暴君夜夜入我梦(8)
“新娘子来啦。”突然,不知道是谁吆喝了一声。
四周顿时安静下来,一双精美的丛头履闯入秦渊的视线。
紧接着,伴随一声“新人掀盖头了”,少年头上的遮盖物被人用一杆缠着红绒的喜秤揭掉。
视野陡然变得开阔起来。
秦渊抬眸,看向面前身着锦绣喜服、微微含笑的少女。
他紧紧盯着她的脸。

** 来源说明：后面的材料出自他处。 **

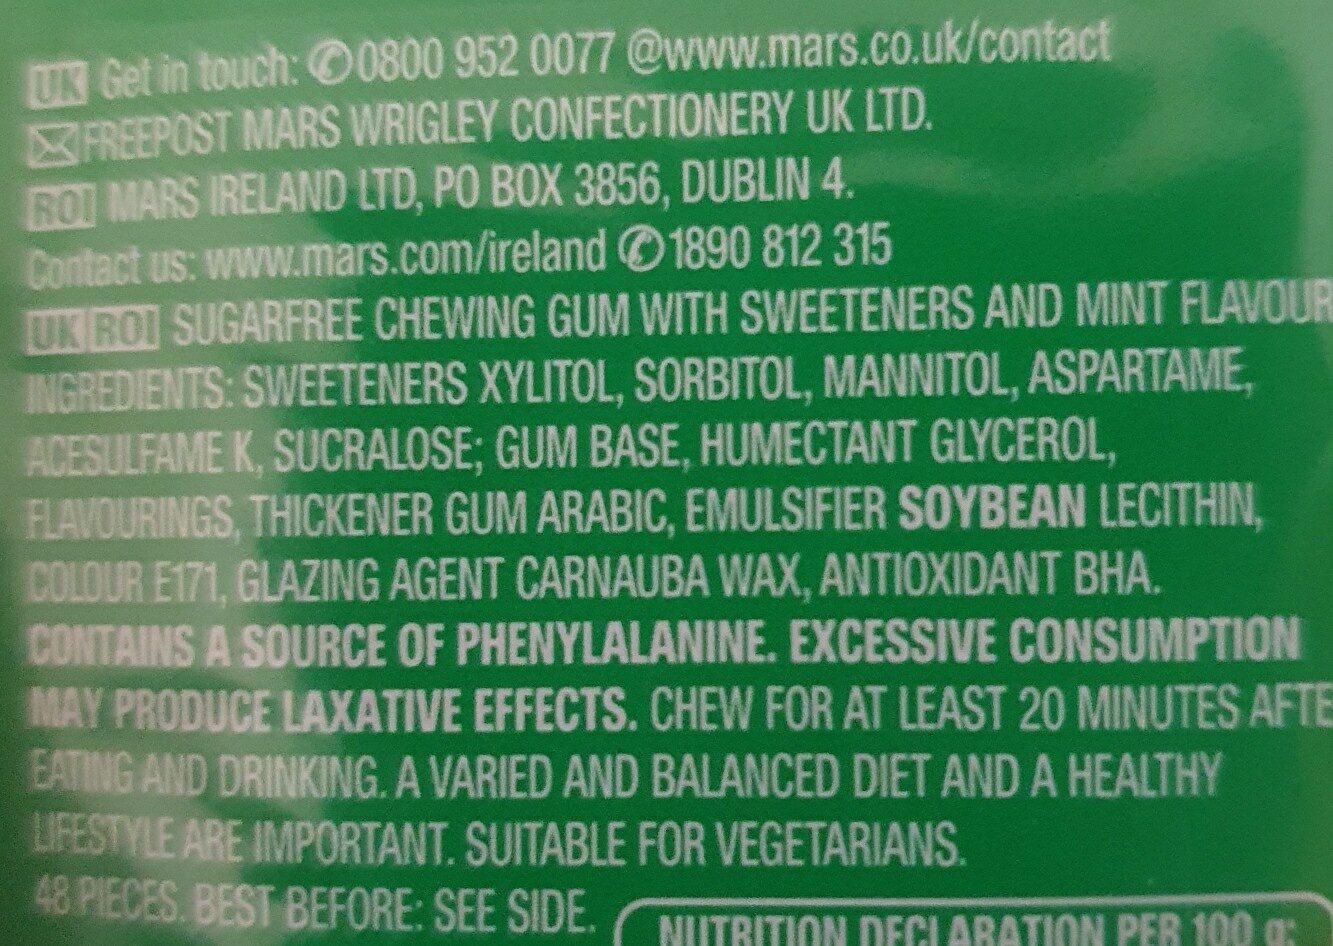 Extra Minis Spearmint Chewing Gum - Ingredients

虽然依旧记不住,但他很确定:又是她。
第四次了。
近来,他一而再,再而三地陷入怪梦,都与面前这个女子有关。
这人到底是谁?
秦渊凝神,杀意再一次漫上心头。
目光扫过周遭环境,知道两人大概是在成婚。秦渊不由想起小时候曾听乳母讲过的“阴桃花”。
他从不信鬼神之说,但不知怎么,此刻脑海里那个念头越来越清晰:难道他遇上的就是传说中的“阴桃花”?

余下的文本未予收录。